I keep running back to the things that broke me.
Years of stress and pushing myself to my limits, and yet I am still bound and determined to continue down the same path of self destruction. I am curious as to why this is. I have the opportunity and the time now to really think about how it all went so wrong.
I never took very good care of myself, and still don’t. Perhaps I enjoy torturing myself for some reason. Why is it so easy to put myself down, and treat myself with such hatred? When did it become acceptable to slam myself for all of my mistakes and bad behavior?

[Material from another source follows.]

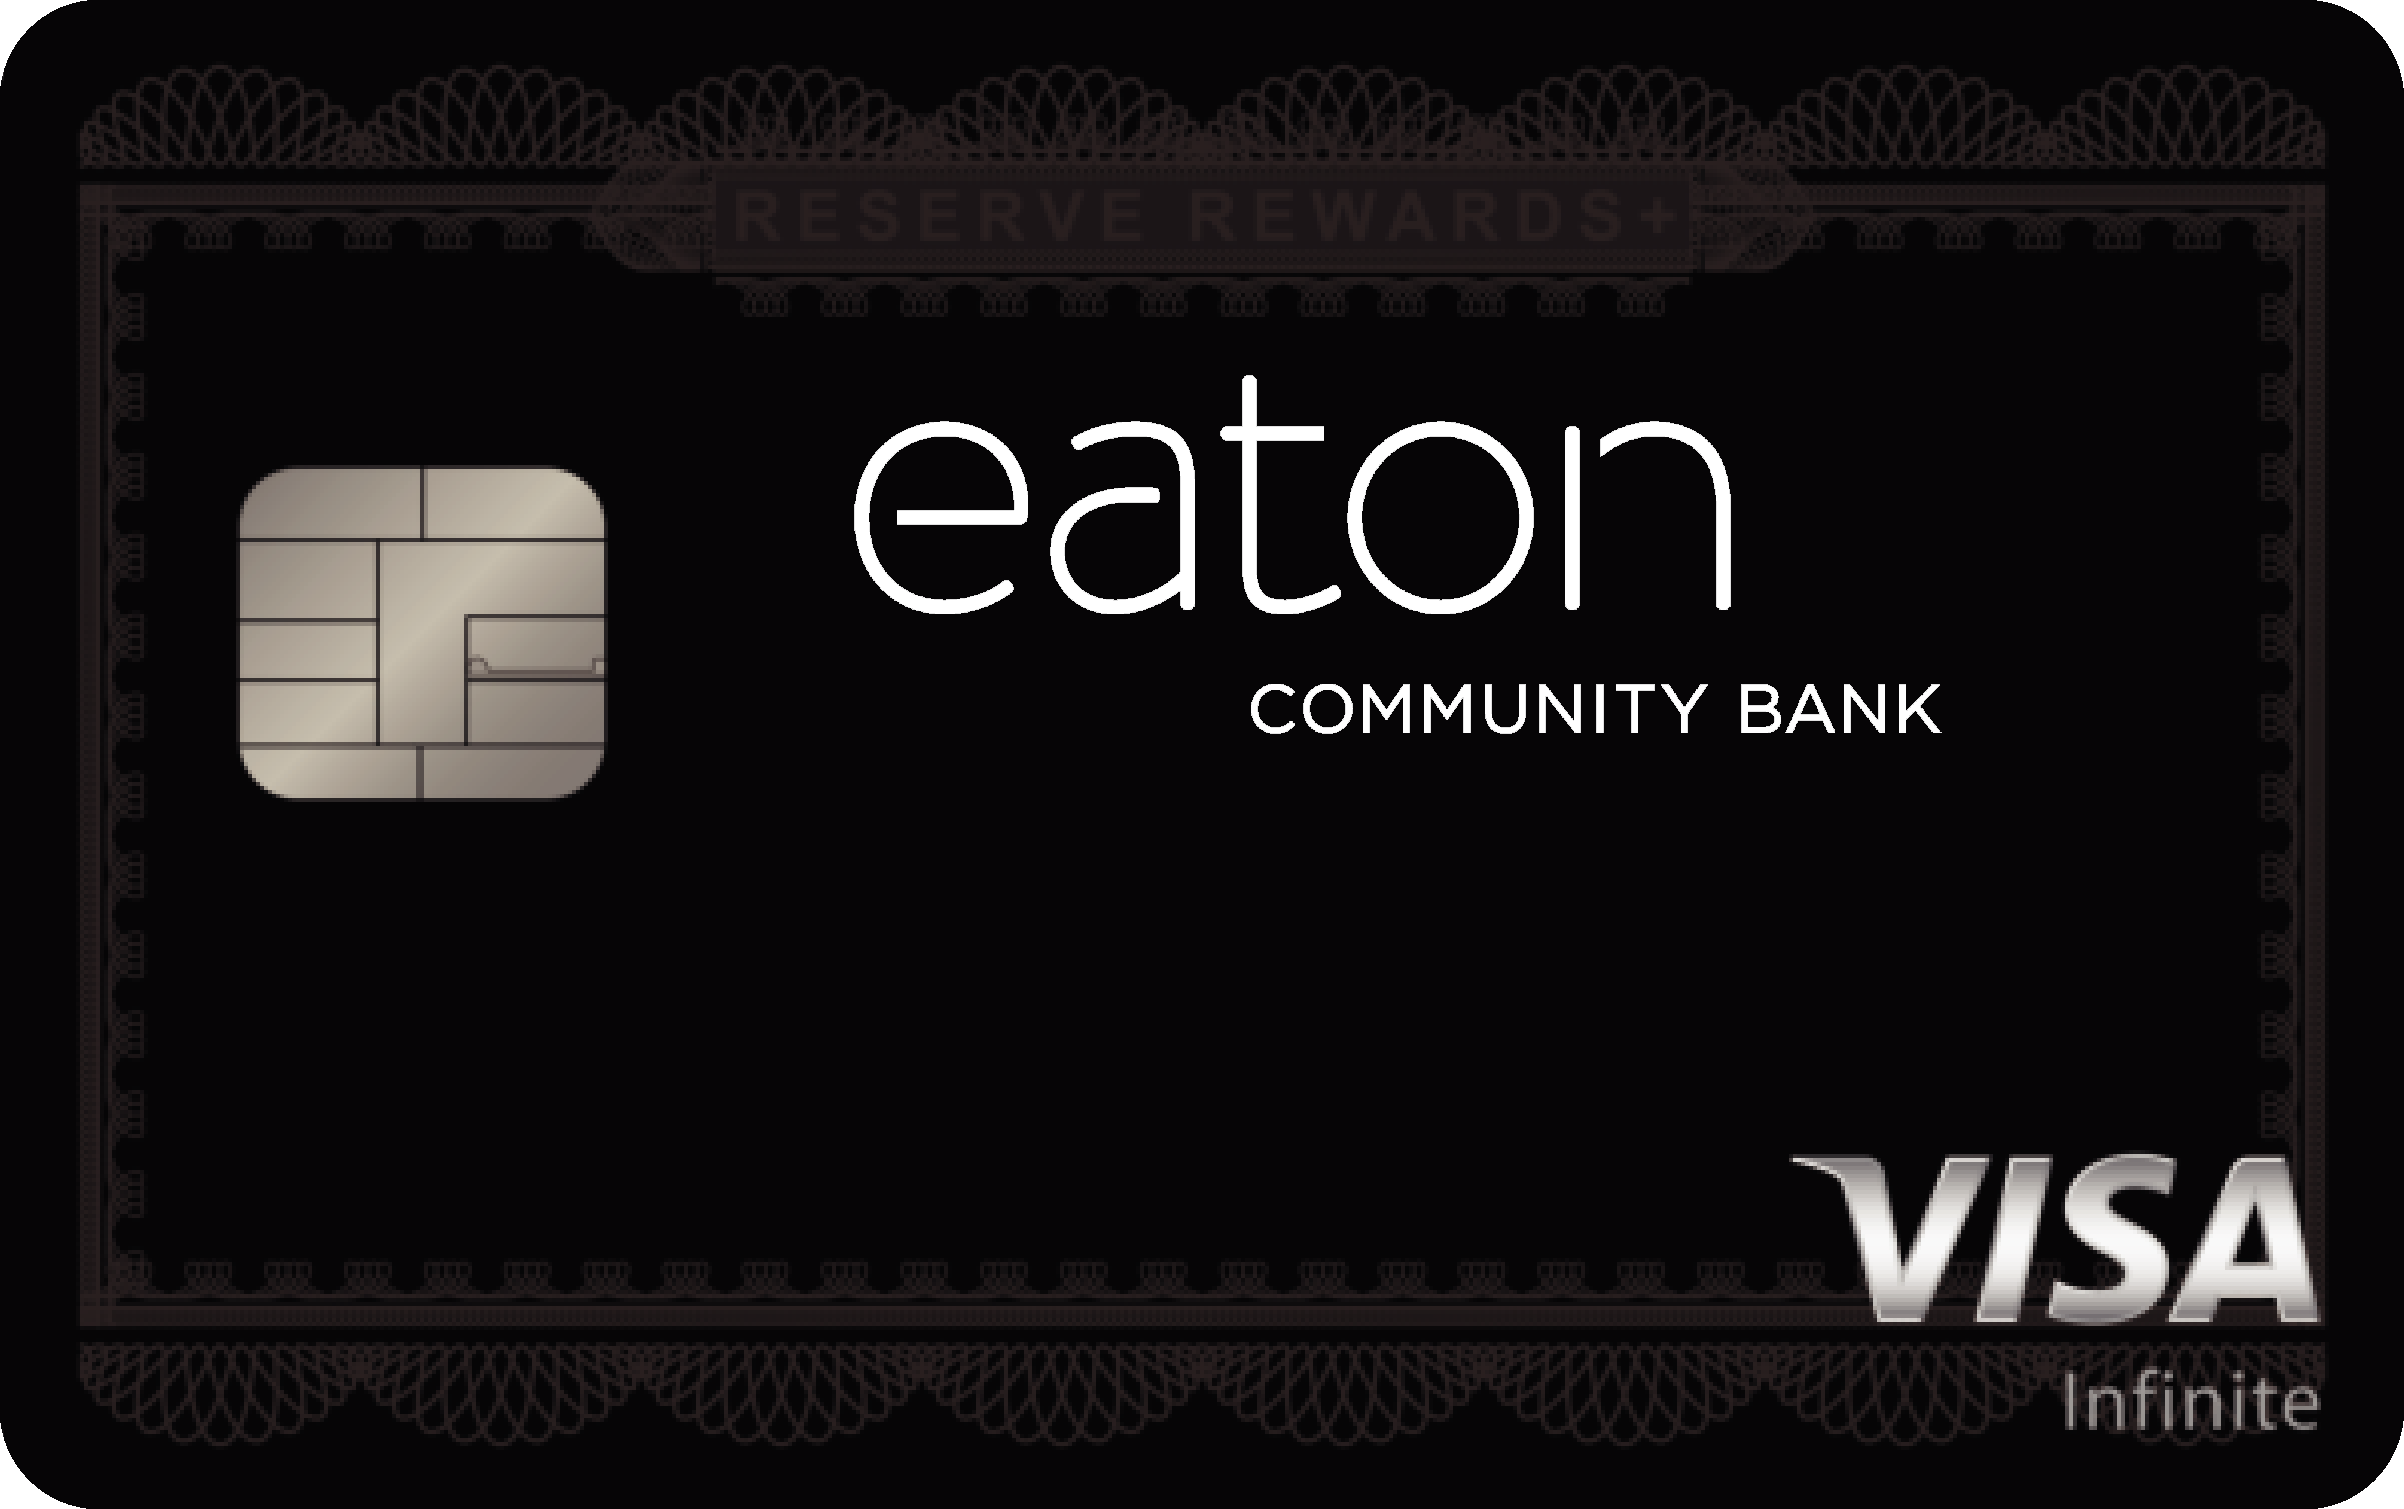 Eaton Community Bank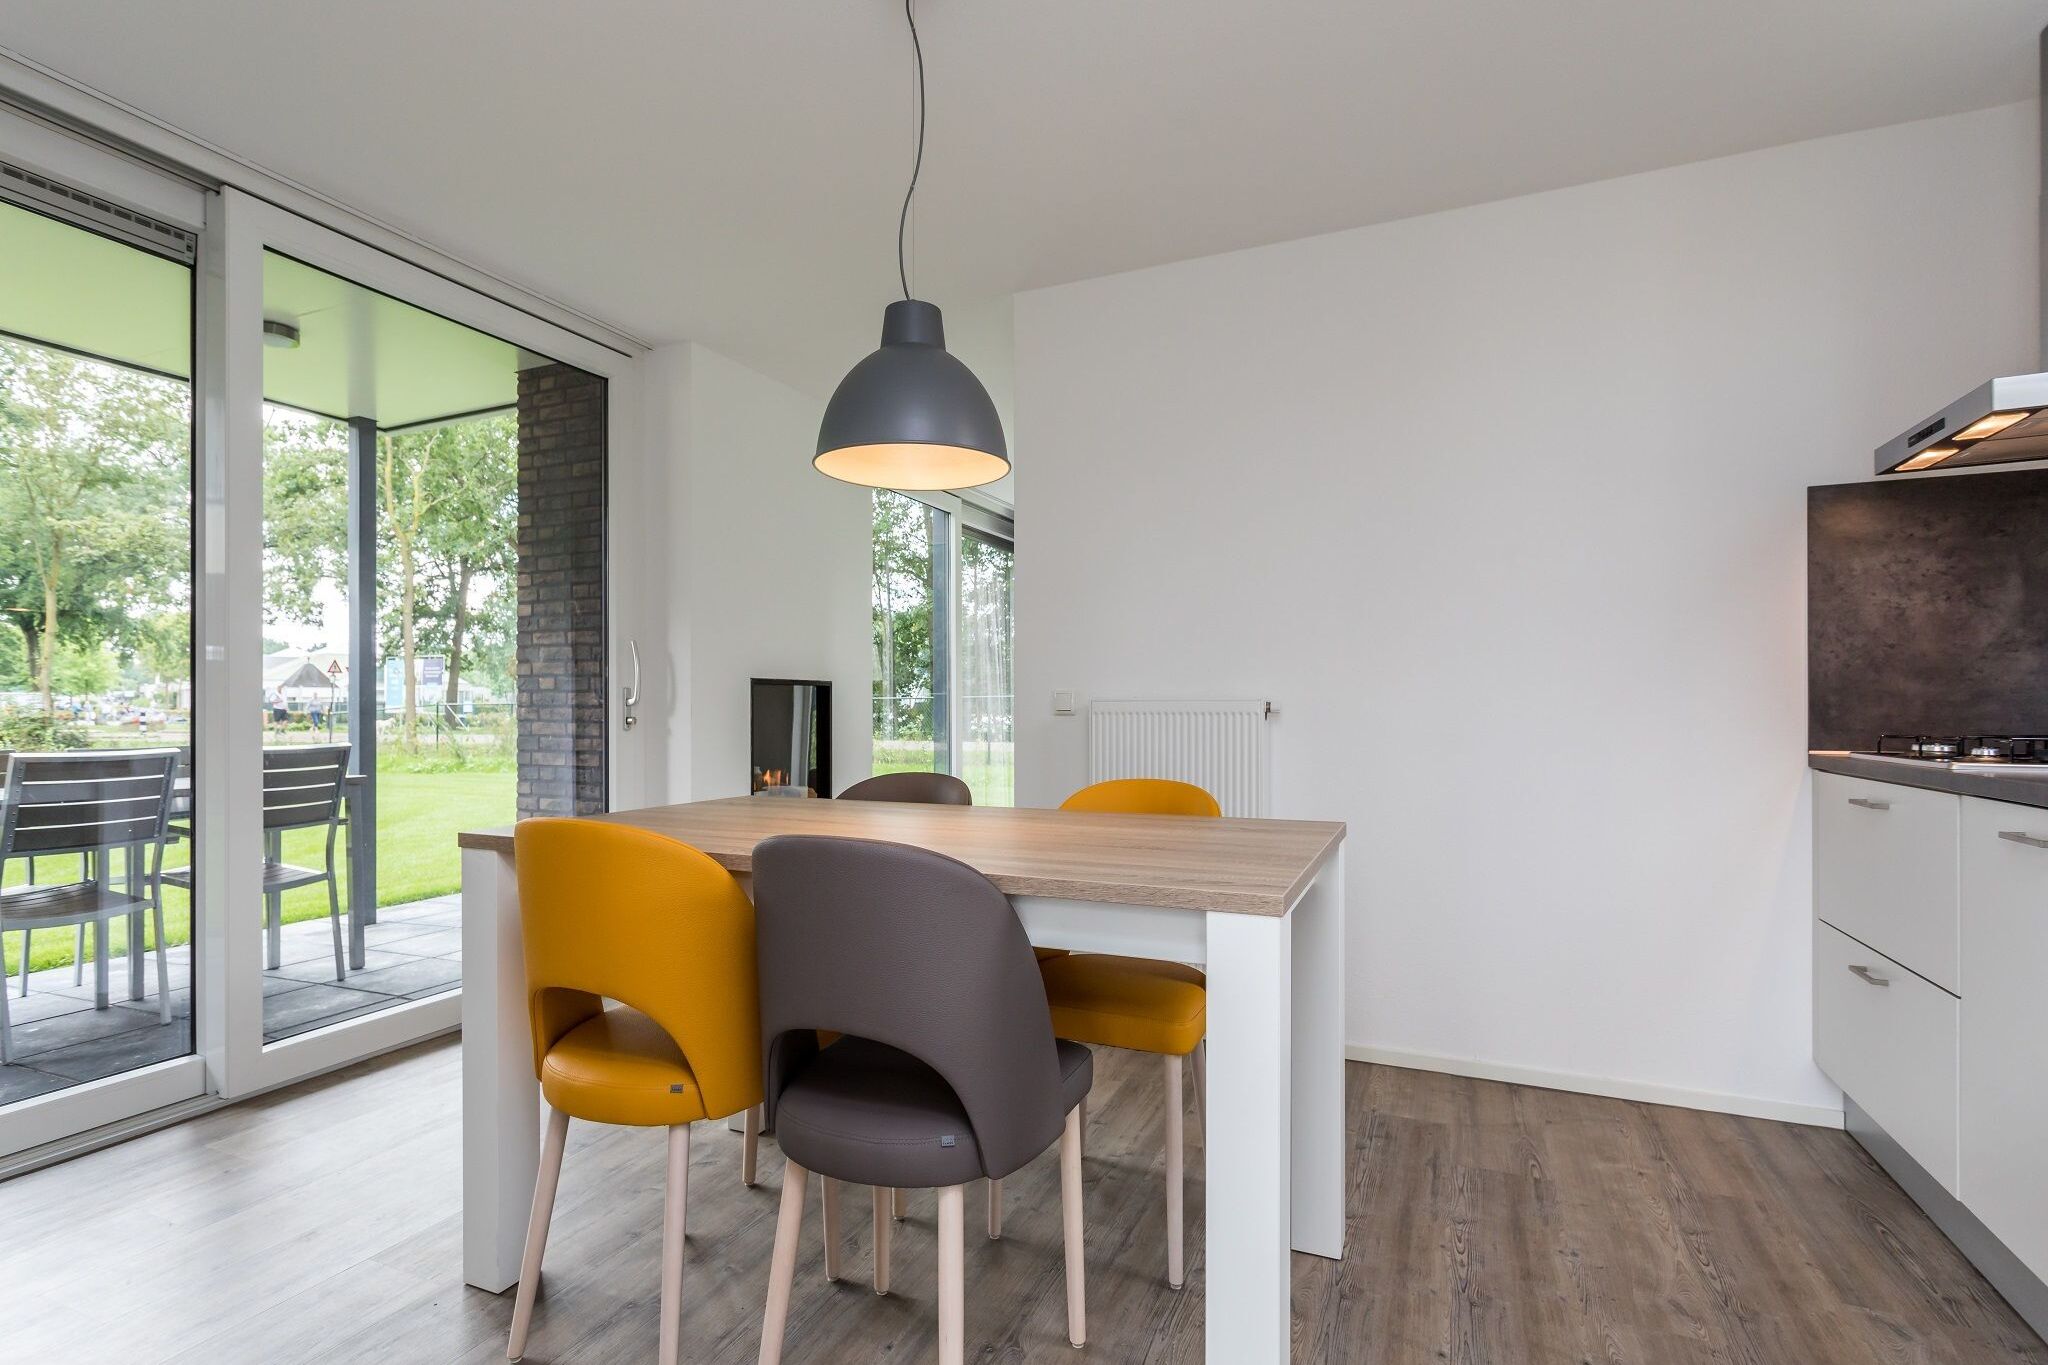 Modern and stylish villa in Limburg

I blame myself for having fibro. Somewhere down the line, I ate the wrong food, or didn’t walk that extra mile. I smoked too many cigarettes, sat on the couch instead of going out one too many times.
I wish I hadn’t been so lackadaisical with myself. I should have taken that nap, or quit that job that was turning me inside out. I allowed this disease to take over. I never realized just how powerful a force it was until it was too late.
Even now, as I get ready to take an early nap in hopes of making an appearance at a family picnic, I am disgusted with myself. I might not wake up well rested and feeling up to hiding my pain. In fact, the odds are not in my favor.
I was rereading articles yesterday, trying to find a cure. This is funny, because I am no great brainiac, just a high school graduate with a mission. I can’t and won’t stop talking about fibro, because there needs to be awareness and knowledge. 4-5% of the population have fibromyalgia. The chances are high that you know someone besides me who has it. It is taking people like me, in the prime of their lives, and sucking away at us, like the marrow from our very bones.
I am not alone. We might be too fatigued to shout from the rooftops, but even our lowered voices deserve to call out loud and clear.